Why work done is maximum in isothermal process?
Why work done is maximum in isothermal process?
If the external pressure becomes equal to the pressure of the gas, there will be no change in the volume and thus ΔV = 0. The work done is also zero. If Pext is more than the pressure of the gas cannot expand. Therefore work done in an isothermal reversible expansion of an ideal gas is maximum work.
During which process work done is maximum?
adiabatic process
The work done in adiabatic process is maximum. This is because the rate of pressure increase is faster in the adiabatic process as all the energy of the work done on the system increases its internal energy.
What is the maximum work?
Work done in the isothermal reversible expansion of an ideal gas is maximum work. The conditions for maximum work are as follow: All the changes taking place in the system during the process are reversible. The system remains in mechanical equilibrium with the surrounding.

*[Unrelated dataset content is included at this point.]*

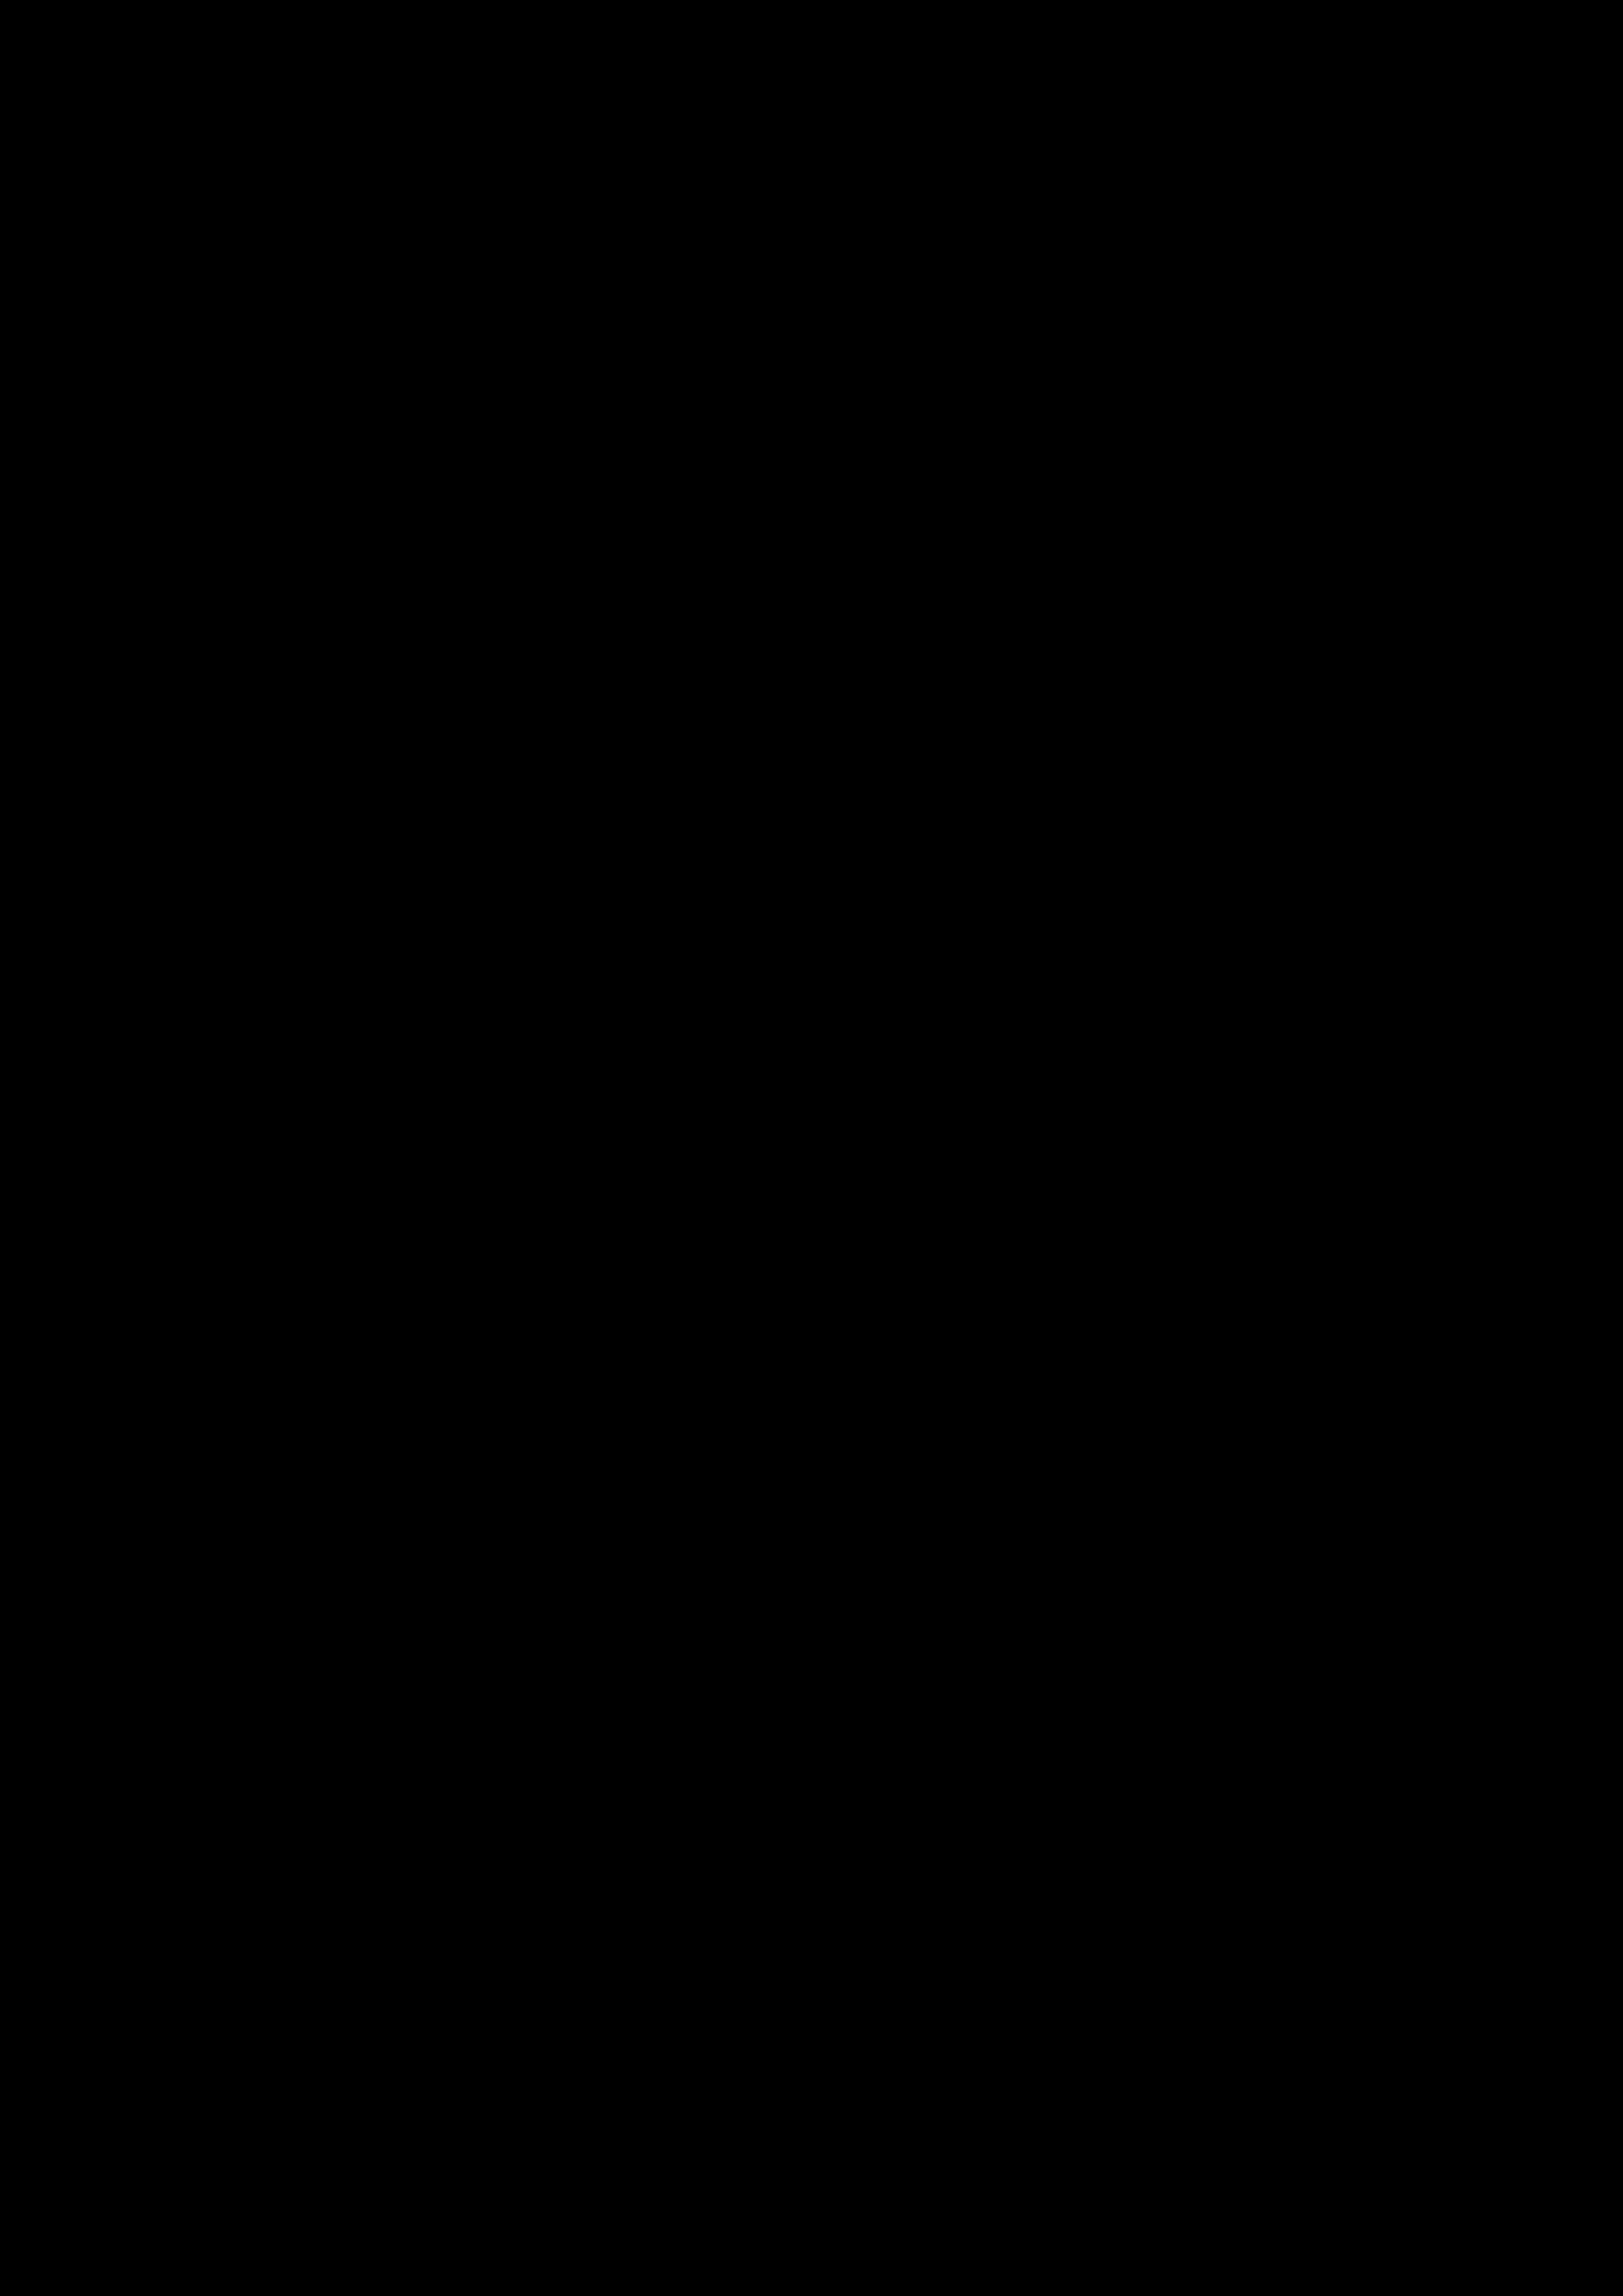 Ibex clipart Clipart shape Ibex Ibex shape

How much work is done in an isothermal process?
For an ideal gas, from the ideal gas law PV = NkT, PV remains constant through an isothermal process. A curve in a P-V diagram generated by the equation PV = const is called an isotherm. For an isothermal, reversible process, the work done by the gas is equal to the area under the relevant pressure -volume isotherm.
Why work done in adiabatic process is less than isothermal?
It takes heat from surrounding and the temperature remains constant throughout the cycle . The second container is insulated (No heat can be added/removed) in a adiabatic expansion. This will do less work than isothermal , because it solely depends on its internal energy to do work .
Which of the following processes is used to do maximum work done on the ideal gas?
Since area under the curve is maximum for adiabatic process, so work done on the gas will be maximum for adiabatic process.
What are the conditions of maximum work?
The conditions for maximum work are as follow:
- All the changes taking place in the system during the process are reversible.
- All the changes taking place in the system during the process should take place in infinitesimally small infinite steps.